Track Upstream Removals

TRACKDELETES: Automatically detects removals by comparing the current dataset with the original upstream copy.

Syntax:

See IMPORT Statement.

You can track removals in:
  • The imported source itself (the default behavior).
  • A named track set, that's tracked separately with a unique name.
Example:
IMPORT SOURCE SALES WITH TRACKDELETES
IMPORT SOURCE SALES WITH TRACKDELETES IN [SALESREMOVALS] AS SALES_DEL1 // Named Track Set

Note:

If the upstream system already tracks or audits deletions, you can leverage that audit to improve performance and reduce the cost of comparing and tracking.

Hard Deletions

You can permanently delete records from data warehouse datasets through propagation or explicit application.

You can apply deletions:
  • With Tracked Imported Source (default behavior): TRACKDELETES
    Example: Propagate automatically in SALES_F :
    IMPORT SOURCE SALES WITH TRACKDELETES
    DEFINE DATASET SALES_F FROM SALES END
    
  • Using a Named Tracked Set
    You can apply this to both the imported source and the dataset by using:
    • Then Delete: Explicit directive that you can apply to an Imported Source in IMPORT SOURCE statement.

      See IMPORT Statement.

      Example:
      IMPORT SOURCE DEL_SALES //delete records
      //Clean up SALES with DEL_SALES
      IMPORT SOURCE SALES THEN DELETE [DEL_SALES [SALES_ID] MATCHING [SALES_ID]] 
      
      // Delete for keys in DEL_SALES are automatically propagated to NET_SALES_F
      DEFINE DATASET NET_SALES_F FROM SALES END 
    • Delete Source: Explicit deletion that you can apply to a dataset in the Dataset Definition.

      The delete set (substraend) can be a delete named track set or can be any dataset.

      Syntax: See Generic Dataset Definition.

      Note:

      DELETESOURCE overrides all propagation for that dataset.

      Example: Subtraend from TRACKDELETES:

      IMPORT SOURCE SALES WITH TRACKDELETES IN [REMOVALS]
      DEFINE DATASET SALES_F
         ROWSOURCE SALES;
         THIS = SALES;
         DELETESOURCE REMOVALS [SALES_ID] MATCHING [SALES_ID]
      END
      

      Example: Subtraend from imported source, using DELETESOURCE in the dataset:

      IMPORT SOURCE SALES_REMOVALS //Audited from upstream, no tracking
      IMPORT SOURCE SALES
      DEFINE DATASET SALES_F
         ROWSOURCE SALES;
         THIS = SALES;
         DELETESOURCE SALES_REMOVALS [SALES_ID] MATCHING [SALES_ID];
      END
      

Soft Deletions

Instead of being physically removed, Data Augmentation Scripts flags removal records as deleted.

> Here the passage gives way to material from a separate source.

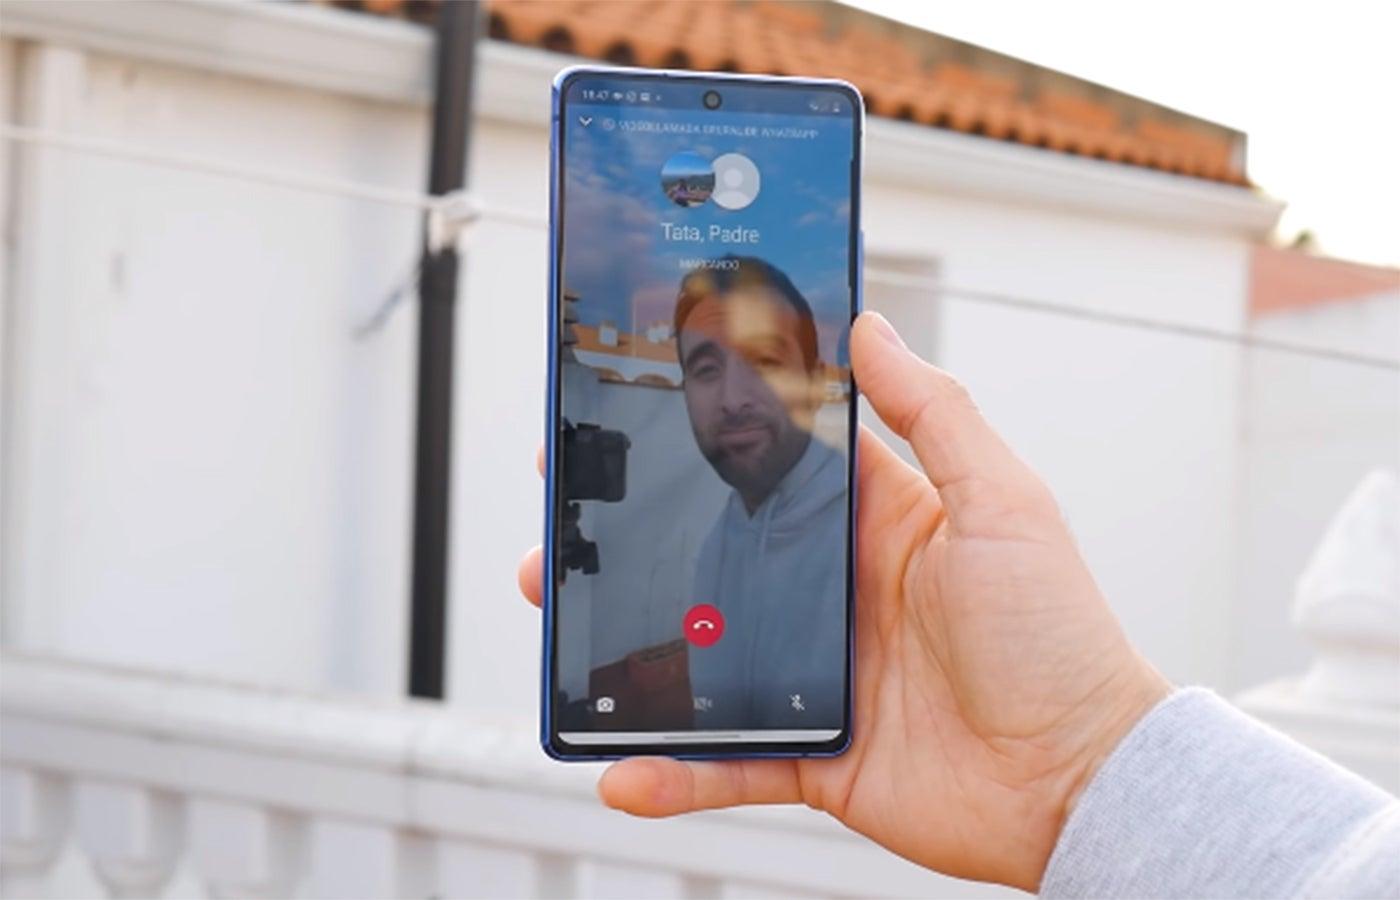 WhatsApp-Videoanruf

The flag name defaults to ISDELETED if you don't specify otherwise.

Note:

  • You must filter out soft-deleted records when necessary from queries and downstream datasets.
  • Soft deletes retain data but require efficient query filtering to maintain system efficiency.

Syntax: See IMPORT Statement.

Similar to hard deletes, soft deletes utilize TRACKDELETE, THEN DELETE, and DELETESOURCE.

  • TRACKDELETE and Soft Delete

    The following are examples of soft delete on importing.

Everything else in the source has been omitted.